The report by the Florida Division of Elections has been required by state law after every election since the 2000 electoral fucktagon that resulted in George W. Bush becoming president. And while 83,000 invalid votes is truly a fuckton of a failure of democracy (it's a REPUBLIC!), maaaaybe that's just to be expected in a huge state that never seems to get its voting altogether right? The AP does the context thing:

More than 8.2 million votes were cast in the high-profile race for governor that attracted national attention. The total number of "non-valid votes" was 1 percent, which was a lower rate than either the 2016 presidential election or the 2014 governor's race.

Here's the report's breakdown of the "no valid vote" types:

Worth noting a couple things here: Florida has polling place procedures to alert voters to an overvote, so if someone accidentally votes for two candidates in one race, they'll have the chance to fix it. But failing to mark a choice in a single race won't be noticed -- the scanning machines only alert the voter if the entire ballot is blank. And for people voting for mail, if there's an over- or undervote, the error just plain means the ballot won't be counted at all.

Compared to the 2016 general election, the 2018 governor's race had an increase in overvotes, but the percentage of undervotes actually declined. (Also, thanks one whole hell of a lot, Florida, for fucking that up right in the executive summary.)

Once you get to the actual report, it's clear that overvotes increased slightly, and blank votes actually declined compared to 2016 which, if we must be charitable to Florida, would seem to argue against any nefarious vote-disappearing. Same goes for overall invalid ballots, despite the slight uptick in overvotes. Here, have a look!

The state law mandates the Division of Elections examine invalid-vote data from Florida's 67 counties to determine if there were any "identifiable problem" leading to systematic vote-counting errors, and this year's report says nah, no fuckups beyond this simply being godforsaken Florida:

The compiled Gubernatorial contest data do not show anything to suggest or conclude that voter confusion existed during the election as a result of ballot design and/or ballot instructions issues, or that the voting equipment manifested any anomalies.

We'll confess to a bit of a Chris Matthews leg tingle at that correct use of "data" as a plural.

Following the 2000 election, Florida got rid of all its punch-card voting systems, so no chads would ever dangle again.

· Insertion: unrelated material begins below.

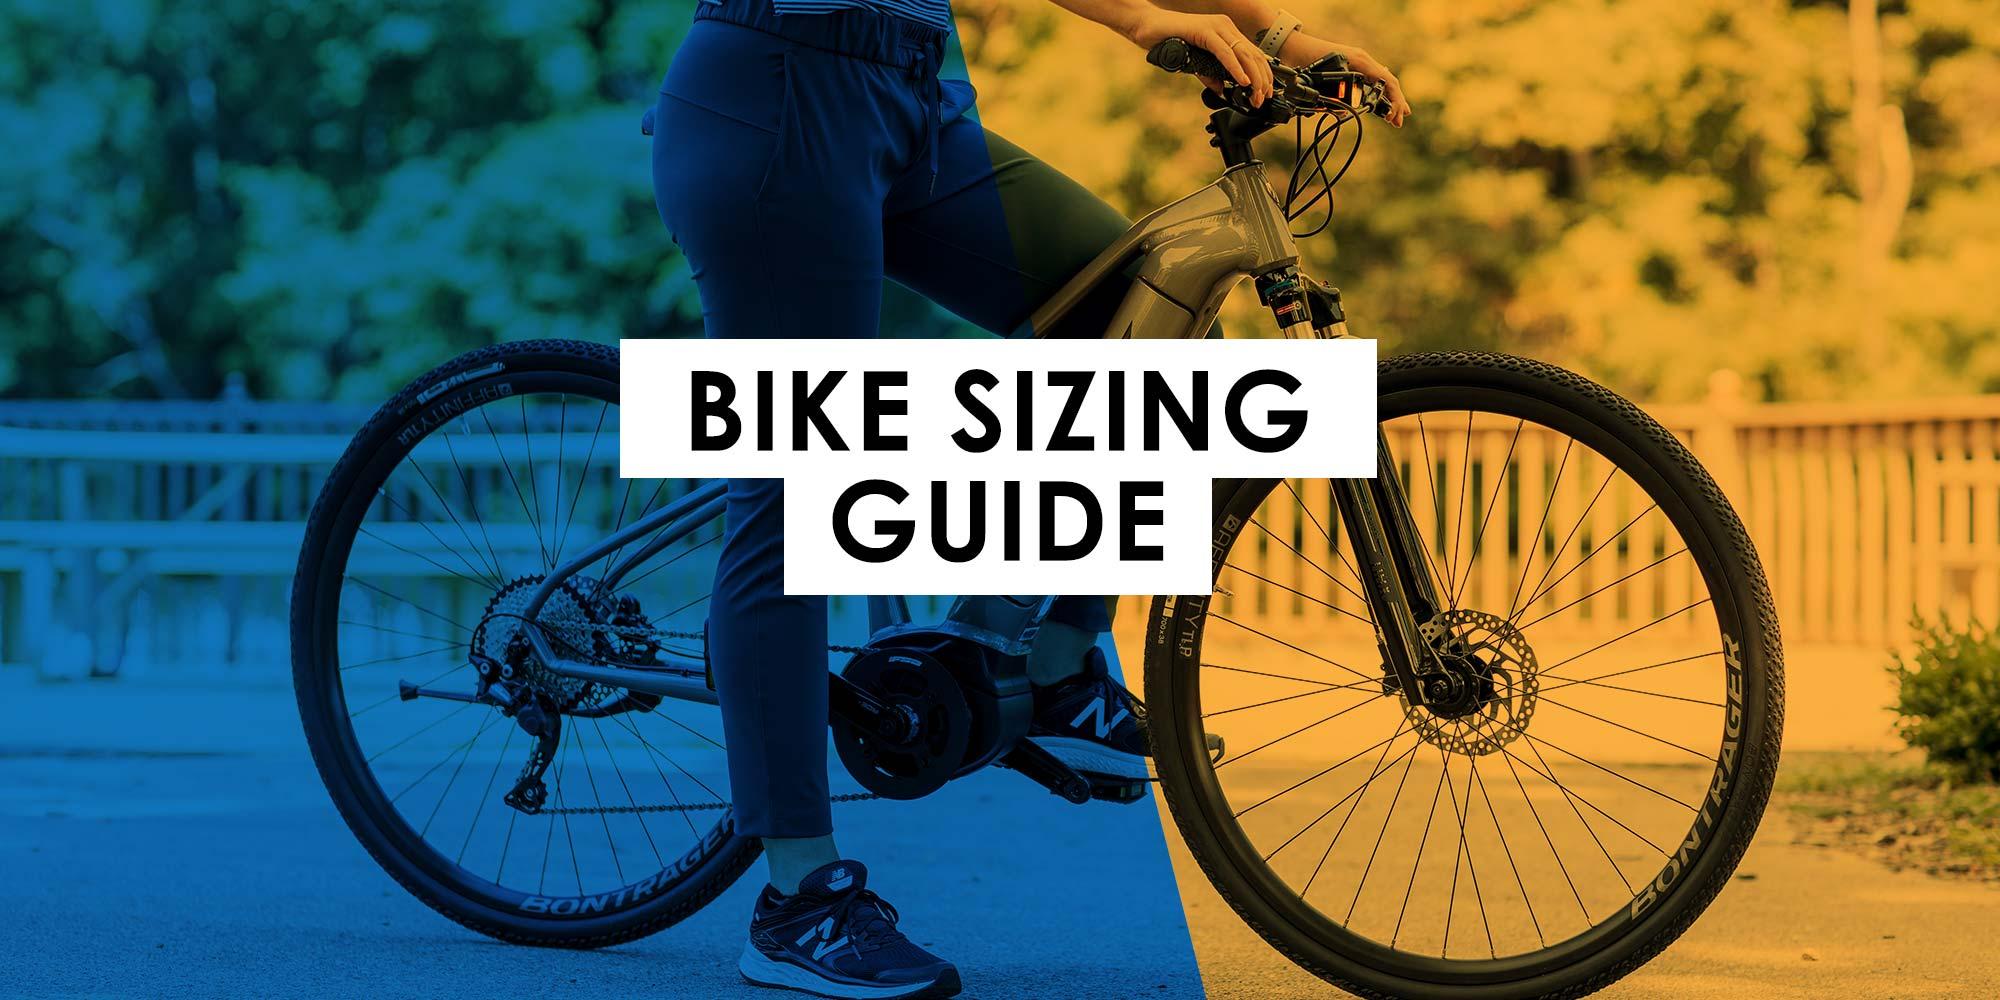 Bike Sizing Guide

All the counties use paper ballots that are scanned at the polling place (touchscreen systems are available only to people with disabilities who request them). And while we're always skeptical of the idea that anyone would just say the hell with it and decide not to pick a candidate in an election as important as the governor's race, we suppose it could reflect the background radiation of Florida Weird, and maybe a certain percentage of jackwads who simply couldn't decide who they disliked more: the Republican, or the black dude.

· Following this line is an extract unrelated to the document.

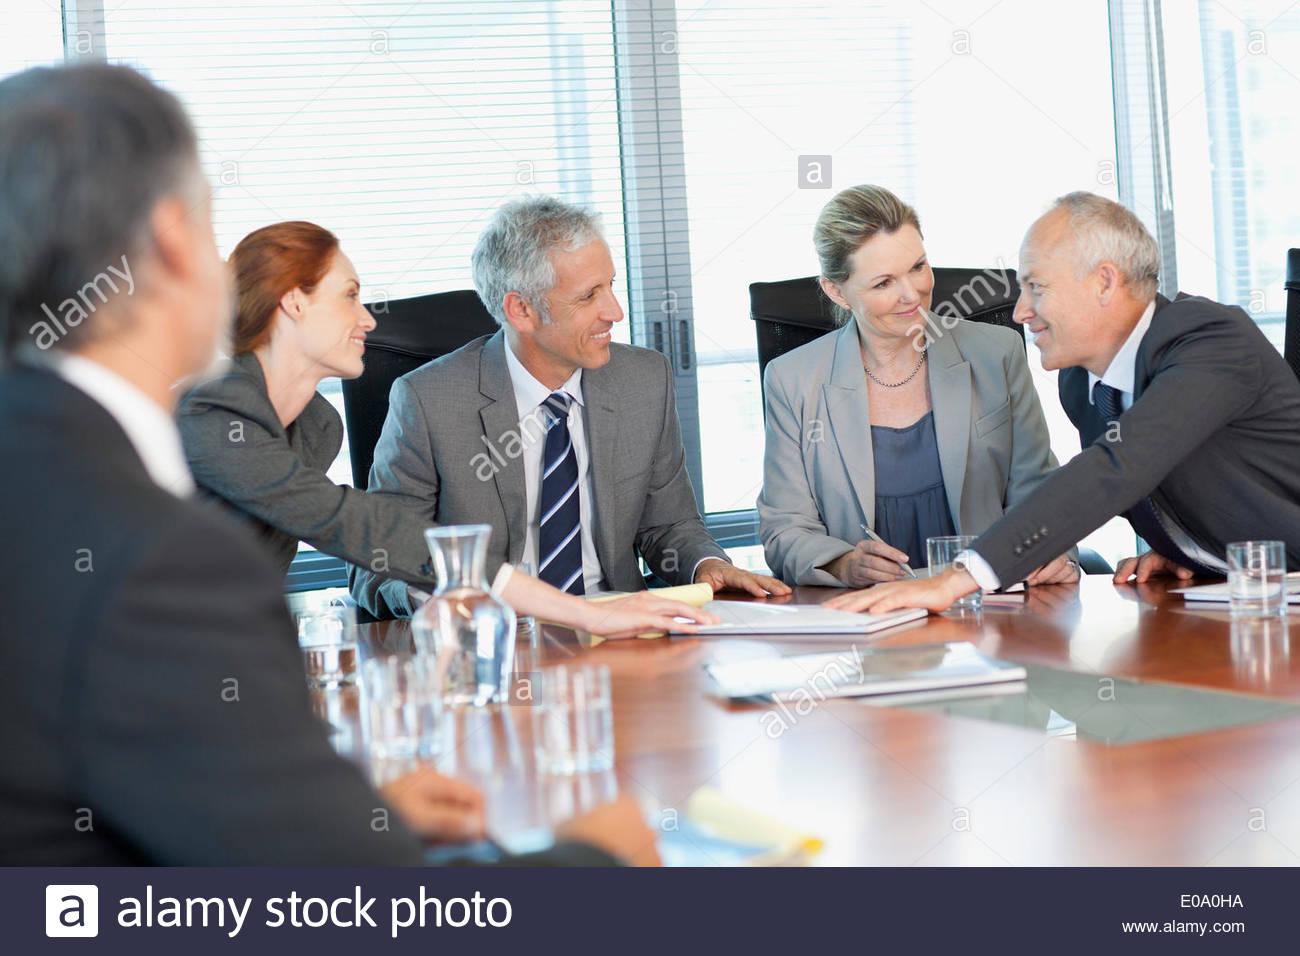 Reunión de gente de negocios sonriendo a la mesa en la sala de conferencias Imagen De Stock

Also worth noting: The electoral fuckery in Republican-run states like Florida almost always comes well in advance of any votes getting counted, in the form of pruning the rolls of eligible (black) voters or other voter suppression measures. In Florida last year (and in Georgia), the state's insane treatment of absentee ballots led to plenty of votes just plain not being tabulated -- and that problem is obviously not addressed by this report.

You know, Washington and Oregon have voting by mail that works without all this mess. Maybe Florida should ask them for advice?

[Orlando Sentinel (AP) / Florida Division of Elections / Tampa Bay Times]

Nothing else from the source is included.